マン盆栽なるものがうけている昨今ですが、そこそこ売れていた小説が、映画化されたら大ヒットをしてしまったような、そんな映画のようなものです。文字を読み慣れている人には断然小説の方がイメージが膨らんで面白いはずなのですが、具体的にイメージを限定させてわかりやすく娯楽化すると、一気に大衆受けをすることに似ています。マン盆栽も盆栽の形式や型に縛られずに楽しめるPOPで素晴らしいものですが、瞬間的な感動に終わってしまいます。同じフィギュアの配置の盆栽を長期間味わうことは困難なのです。

ところで、骨董にも流行があるのです。

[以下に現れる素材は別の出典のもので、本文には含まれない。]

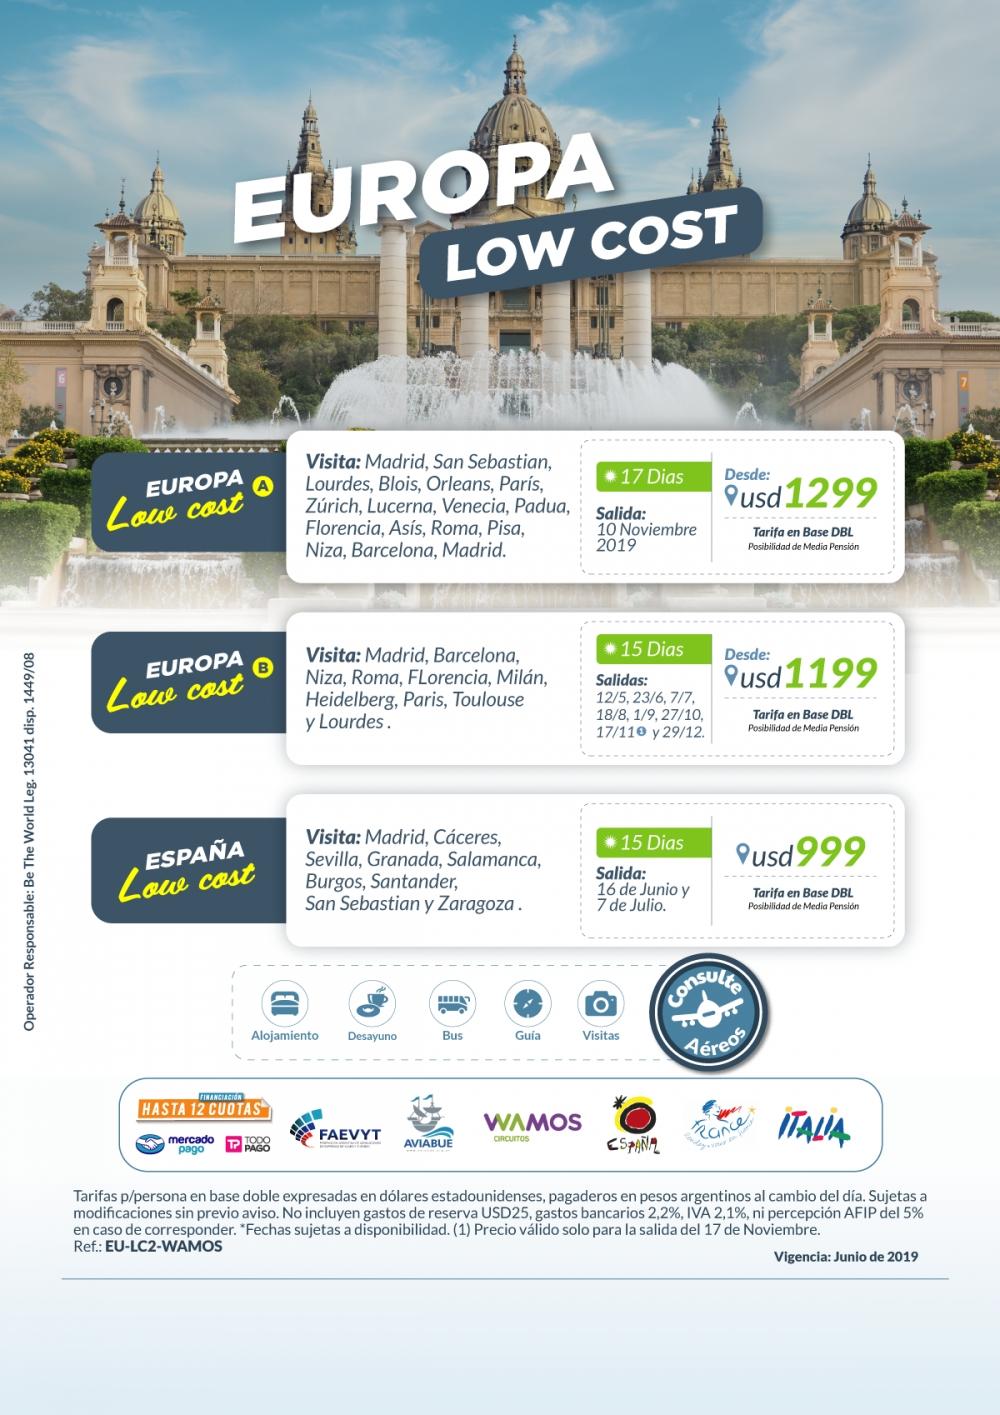 EUROPA LOW COST - Salidas Mayo a Diciembre

ほとんどの骨董品が生活道具に近いものですから、その品物がよく見えるかどうかは住環境によって大きく変わります。床の間が付いているのが当たり前だった数十年前の建て売り住宅と現代の一般的な住居の中とでは美しく見えるものが違ってきて当然です。欧米化されてきた生活スタイルの変化とともに人気となる古道具も変化してきているのです。

ですから当然、室内に飾ることが前提である盆栽も、時代に影響を受けます。お金持ちになったら庭付きの家を建てて盆栽を所有するような生活をしたいと思っている人はほとんどいないでしょう。必然的に国風盆栽展に出ているような盆栽を所有して楽しめる人は都市部には皆無なのです。現代の住空間と調和する盆栽ははたしてどのようなものでしょうか? 日本の都市部で広々とした家に住んでいる人はほとんどいないので、まず巨大な盆栽は難しいでしょう。また狭い空間との調和を考えれば、盆栽自体も作り込み過ぎていないものでないと、モダンな空間には合わないはずです。

盆栽の値段はまるで骨董の値段のようにとても不安定なものです。ですから、はるか昔に千利休が朝鮮の雑器を茶碗に見立てて新しい美意識を創り上げたときのように、盆栽家が見向きもしない駄作扱いの盆栽が、あなたの家では数百万円の盆栽にも劣らない作品になりうる時代なのかもしれません。新しい時代の波はうねり始めているのです。